Katie Fitzhenry
- Born: 23 April 1989 (age 37) Coolcotts, County Wexford, Ireland
- University: Waterford IT
- Occupation(s): Women’s National WNTS and Talent Identification Manager for Irish Rugby

Rugby union career
- Position: Centre
- Current team: Blackrock College RFC

Senior career
- Years: Team / Apps / (Points)
- 2006–2011: Wexford Wanderers RFC
- 2011–present: Blackrock College RFC

Provincial / State sides
- Years: Team / Apps / (Points)
- 2010: Leinster

International career
- Years: Team / Apps / (Points)
- 2015–2021: Ireland / 14

National sevens team
- Years: Team /  / Comps
- Ireland

= Katie Fitzhenry =

Katie Fitzhenry (born 23 April 1989) is a women's rugby union player from Coolcotts in Wexford, County Wexford, Ireland. She plays as a centre for Blackrock College RFC, Leinster Rugby, the Ireland women's national rugby union team and the Ireland women's national rugby sevens team.

== Career ==
Fitzhenry started playing rugby after experiencing tag rugby at Loreto Secondary School when she was 16. She had previously played camogie and Gaelic football for Wexford GAA. After leaving school, she was one of the founding members of Wexford Wanderers RFC's women's team. She made her provincial debut for Leinster against Ulster in 2010 following a successful trial.

She played for Wexford Wanderers from 2006 to 2011 and moved to Dublin club Blackrock College in 2011 to play at a higher level.

Following this, she was signed by the Irish Rugby Football Union as a centrally contracted rugby sevens player and was one of the first players to sign up to the Irish Institute of Sport's career development course at Griffith College. While balancing training for both the rugby union and rugby sevens teams, she managed a number of juice bars and ice cream parlours. In 2015, she made her debut for the Ireland women's national rugby union team in the Women's Six Nations Championship against Italy. A week later she made her first start for Ireland, playing as a centre against France.

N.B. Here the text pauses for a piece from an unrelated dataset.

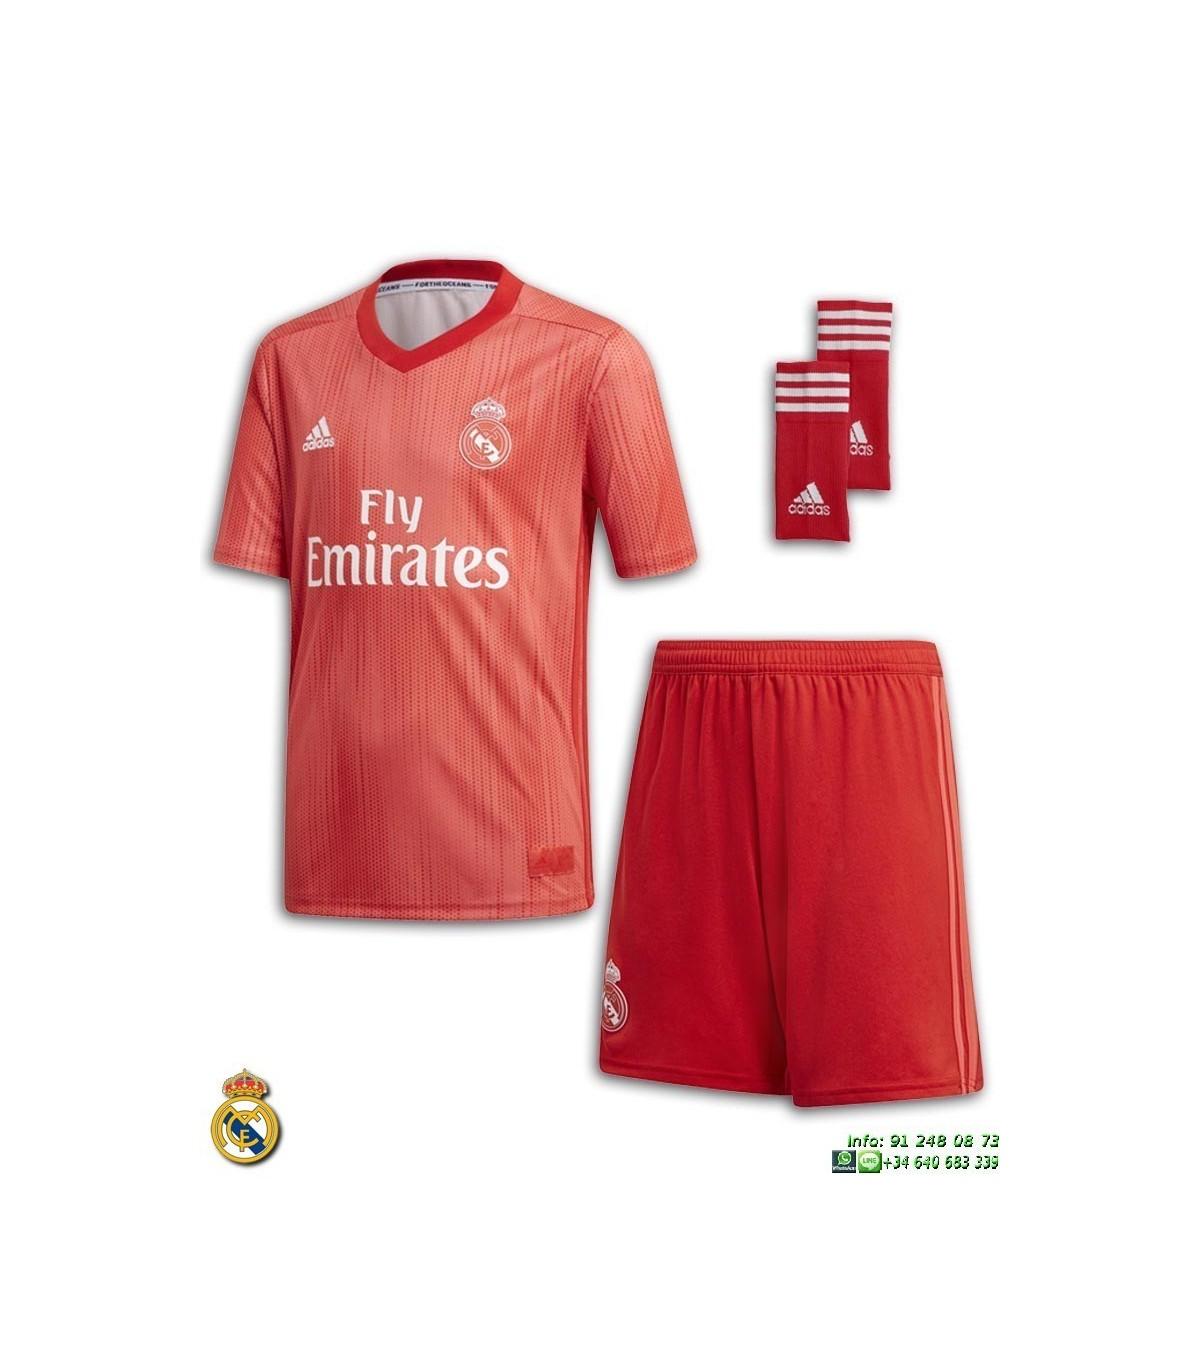 4948d142b ... Equipacion REAL MADRID 2018-2019 Rojo 3ª Camiseta Junior ADIDAS Oficial  · Equipacion ...

In 2017, Fitzhenry was selected as part of Ireland's 2017 Women's Rugby World Cup squad. She played in the tournament and she scored a try in Ireland's seventh place playoff against Wales at Ravenhill Stadium in Belfast, Northern Ireland.

Fitzhenry missed a lot of the 2018-2019 season due to a cruciate ligament knee injury. She returned to the Ireland women's national rugby sevens in October 2019.

In 2020 and 2021 she was selected on Ireland's Six Nations squads. She made 14 appearances for Ireland's XV and announced her retirement from international rugby in May 2021.

Fitzhenry played camogie for Wexford underage and later played ladies gaelic football with Thomas Davis in Dublin, won an All-Ireland Junior Ladies Football title with Thomas Davis in 2014.

She studied Sport and Recreation Management in Waterford IT (2008-2011) and now works for Irish Rugby as the Women’s National WNTS and Talent Identification Manager.